ACAS Paper asks if Workplace Mediation should be used earlier

December 29, 2014
The 2014 ACAS Paper 'Analysis of the nature, extent and impact of grievance and disciplinary procedures and workplace mediation using WERS2011' by Professor Stephen Wood, Dr Richard Saundry and Professor Paul Latreille has been published. The analysis is based on the Workplace Employment Relations Study of 2011 and comparisons are made with its 2004 predecessor.

The Paper considered in particular:
(1) The nature and extent of Disciplinary and Grievance Procedures;
(2) The introduction and use of Workplace Mediation in British workplaces and the key factors determining its use; and
(3) The relationship between workplace procedures, workplace mediation and key outcomes - employee grievances, disciplinary action, Employment Tribunal applications and employee attitudes.

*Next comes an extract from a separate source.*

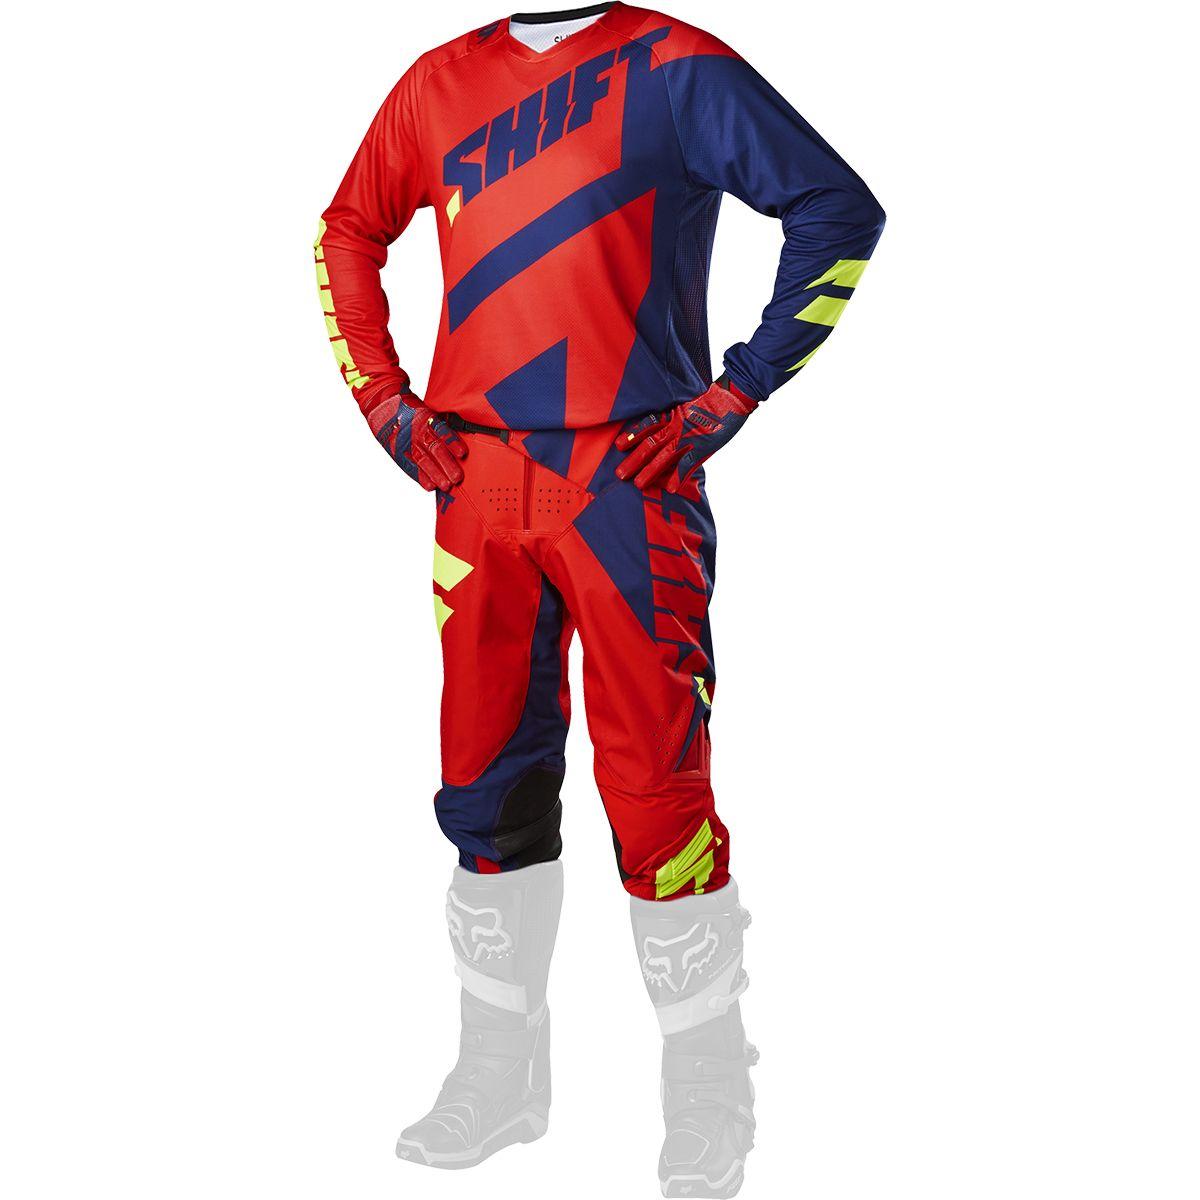 Shift - 2017 3LACK Mainline комплект штаны и джерси, сине-красные

The Nature and Extent of Disciplinary and Grievance Procedures
Between 2004 and 2011 the proportion of workplaces with written disciplinary procedures increased from 84% to 89%.  During the same period the proportion of workplaces with written grievance procedures increased from 82% to 89%.

More than 4 out of every 5 workplaces had written disciplinary procedures which complied with the three-step approached which had comprised the statutory regulations and which are now the core principles in the ACAS Code of Practice on Disciplinary and Grievance Procedures. (These three key principles are: that the matter should be first put in writing; that a meeting should be held to discuss the issue; and that the employee should have the right to appeal against any decision). However there was less adherence with regards to grievance procedures, with only 46% of British workplaces always applying the three key principles.

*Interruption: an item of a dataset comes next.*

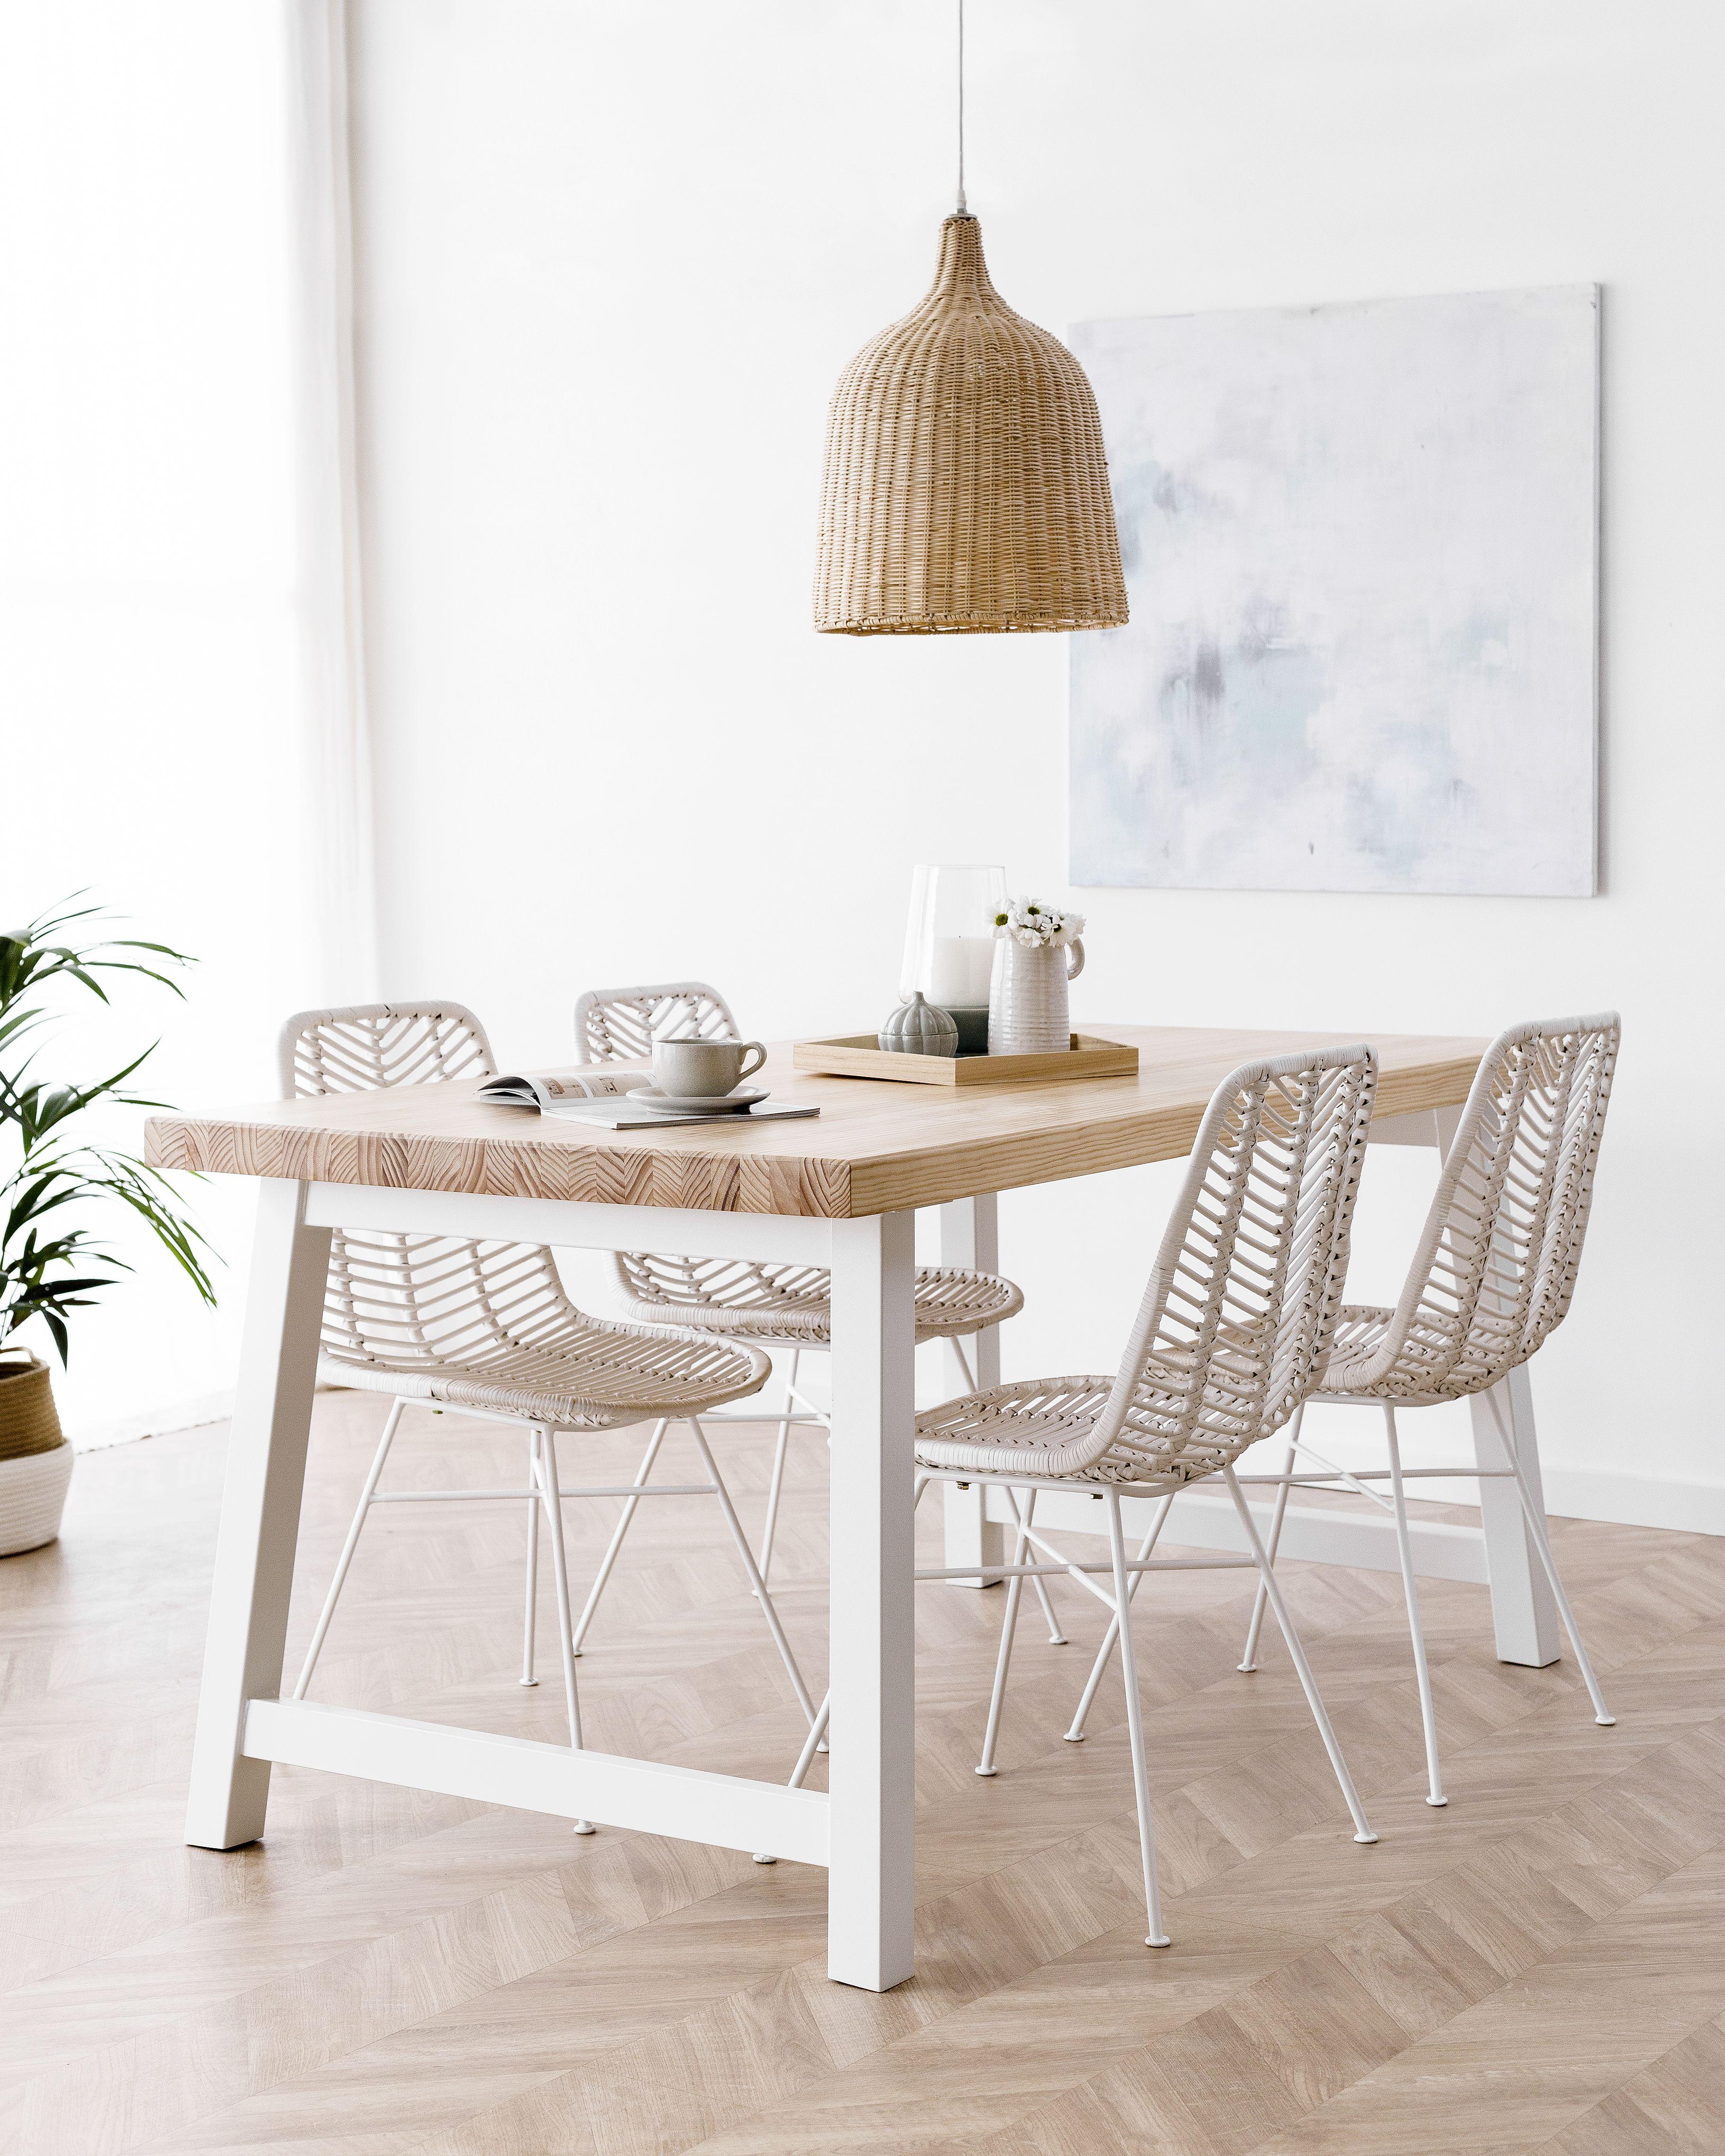 silla blanca patas madera mesa

When considering the adherence to the three key principles enshrined in the ACAS Code there was a notable difference between disciplinary procedures and grievance procedures. There had been an increase from 73% to 81% of British workplaces applying the three key principles in all disciplinary cases. However, for grievance procedures, only 44% (compared to 42% in 2004) applied all three key principles. The authors considered that the driving force behind increased adherence is external legal factors, rather than structural and workplace level factors.

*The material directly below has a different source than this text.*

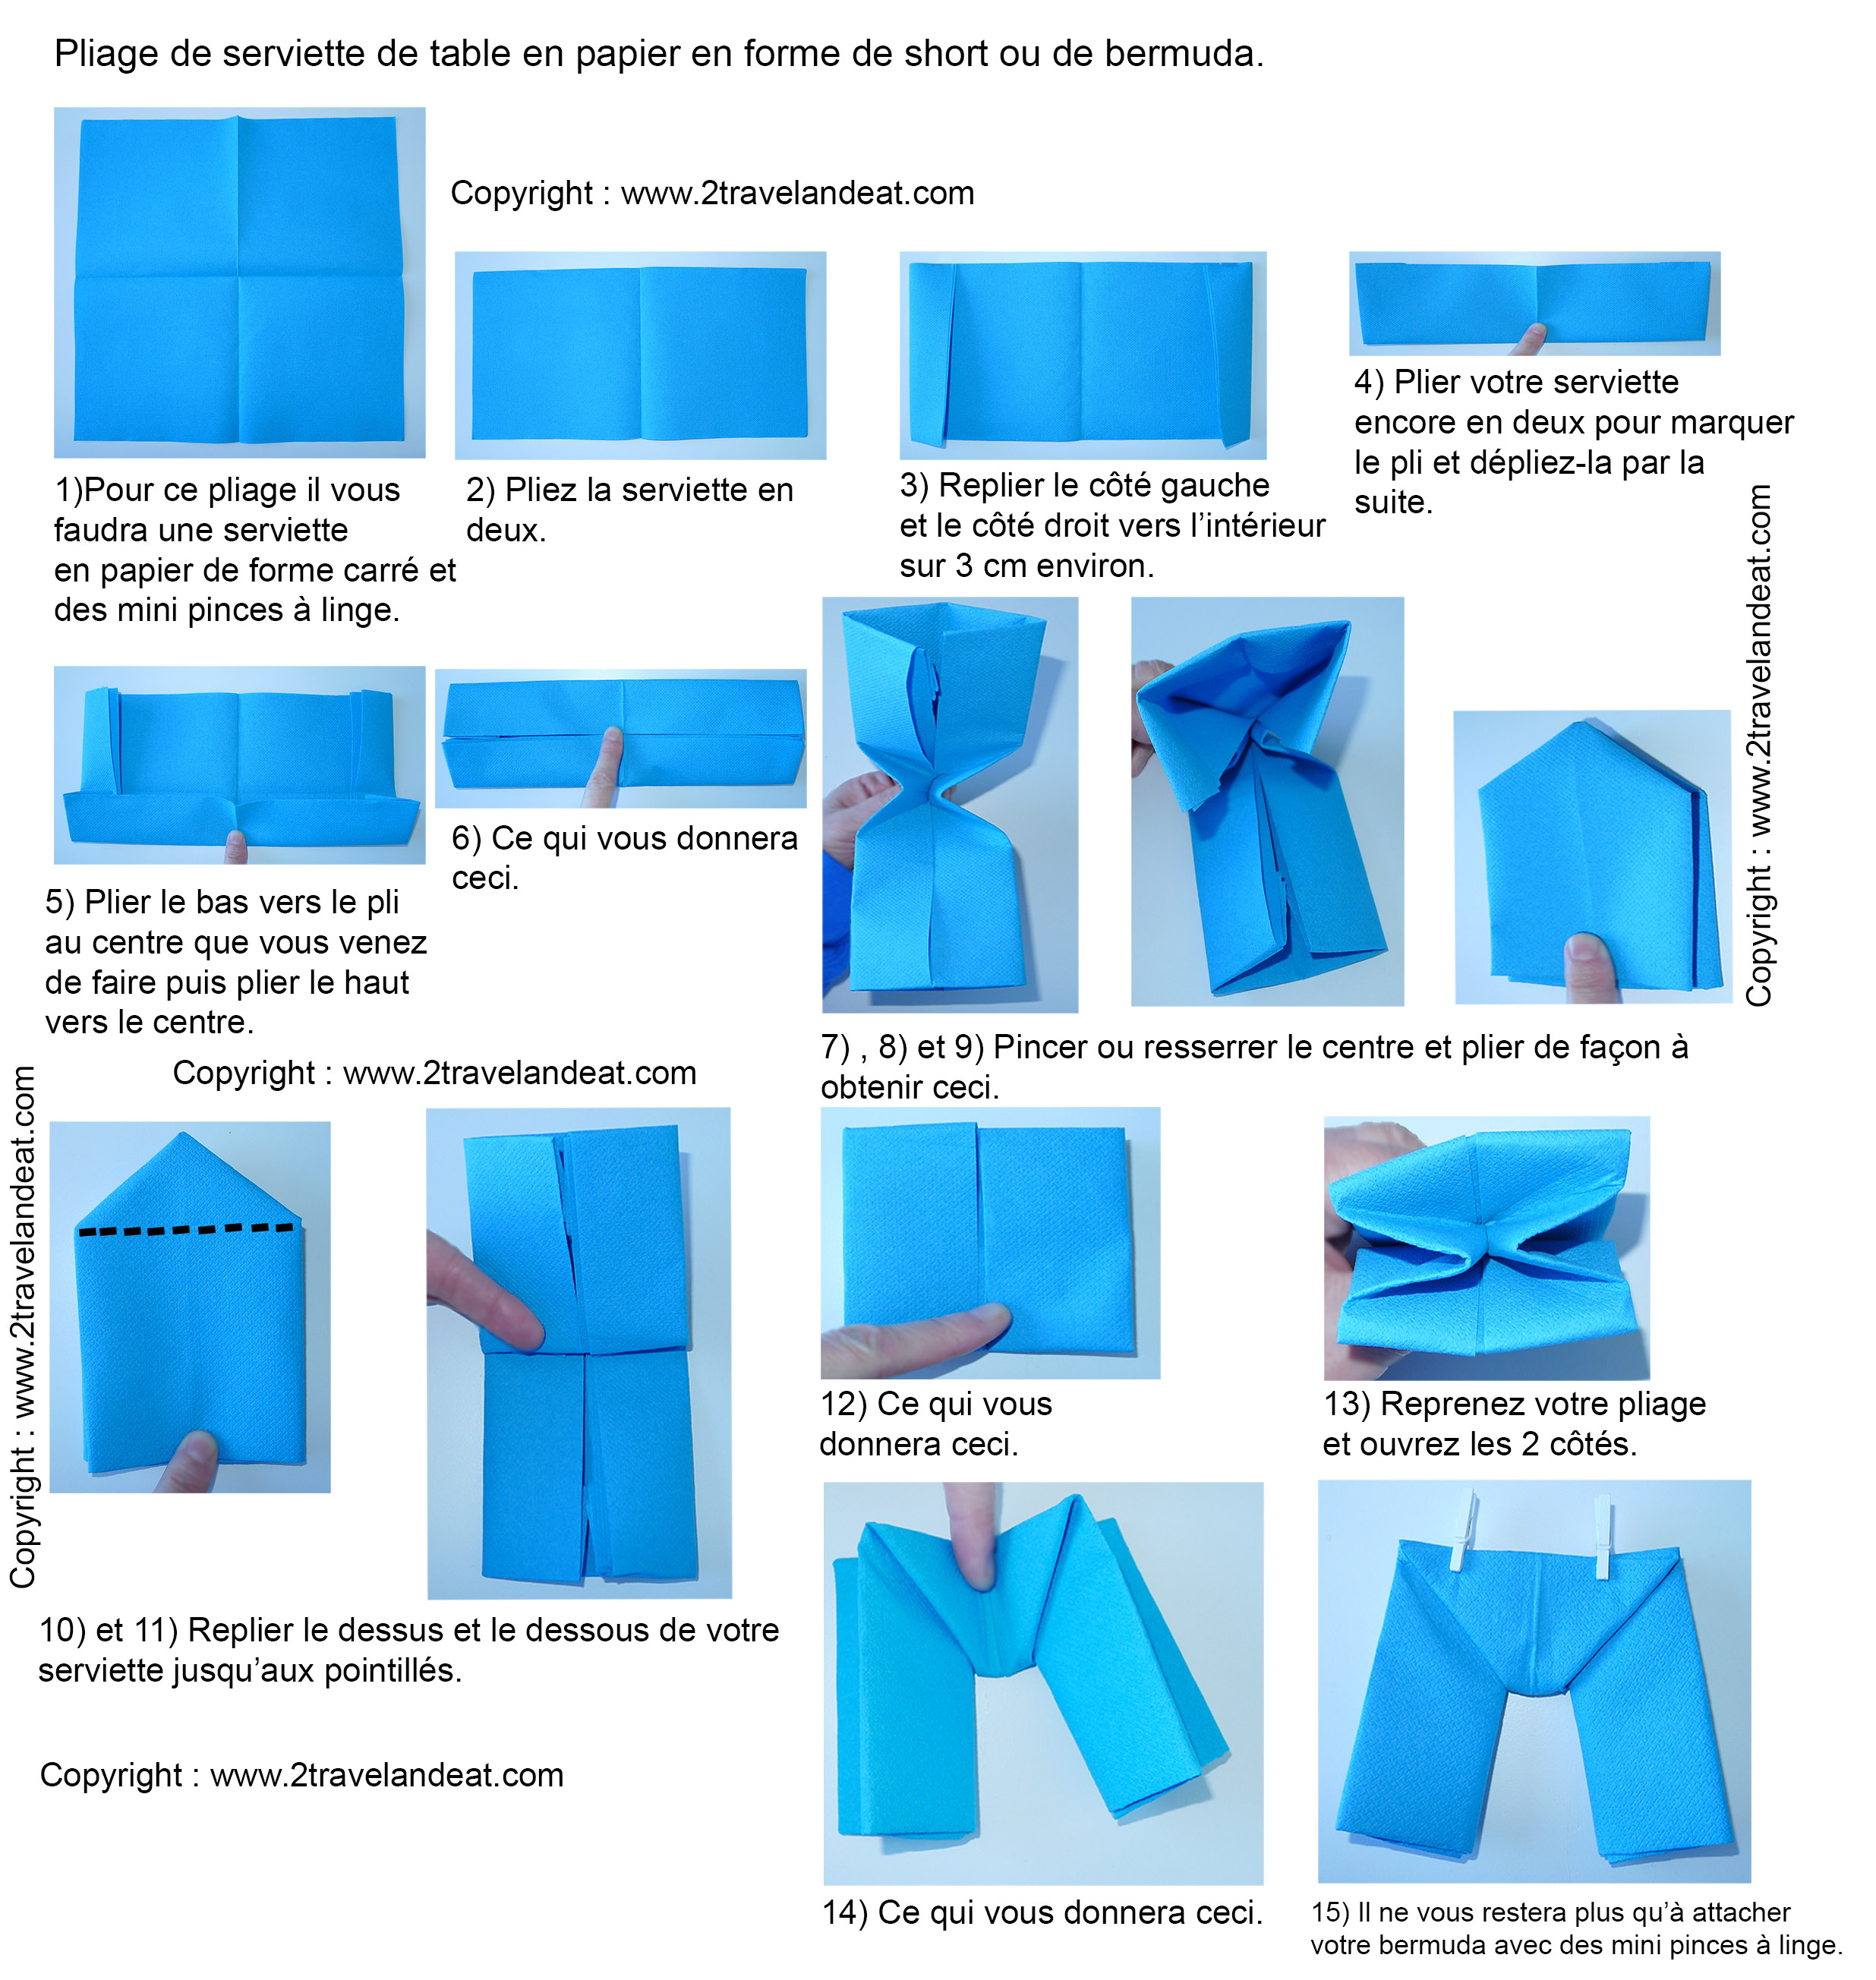 Pliage de serviette de table en forme de bateau de cale on ou short ou de bermuda r aliser un - Pliage serviette bateau ...

Written procedures were less likely to be present than in larger organisations. One third of organisations with 5 - 9 employees did not have a written grievance procedure and 31% did not have a written disciplinary procedure. In contrast, for organisations with 10 - 49 employees, only 11% did not have written disciplinary procedures and only 12% did not have written grievance procedures. (As a Workplace Mediator and practising Solicitor, this doesn't surprise me. Certainly I would expect SME's to be less likely than larger organisations to have dedicated HR personnel/departments and/or pro-actively seek advice on written procedures).

There were found to be variations between industry sectors. For instance, 100% of electricity, gas and water businesses, along with financial services and public administration business had written disciplinary and grievance procedures. In contrast only 74% of construction businesses had written disciplinary procedures and 75% of construction businesses had written grievance procedures.

However, having a written set of procedures does not guarantee that these will comply with the three key principles of the ACAS Code. For instance, whilst 100% of the electricity, gas and water companies had a written grievance procedure, only 59% complied with the three key principles of the ACAS Code for grievances.

Organisational size was found to be the key factor associated with having written disciplinary and grievance procedures. Other key factors were the industry sector and whether HR professionals were present. Union recognition (after controlling for size and industry) did not affect the likelihood of having written procedures. However, where procedures were in place, union recognition and HR expertise were positively associated with complying with the ACAS Code in managing disciplinary issues.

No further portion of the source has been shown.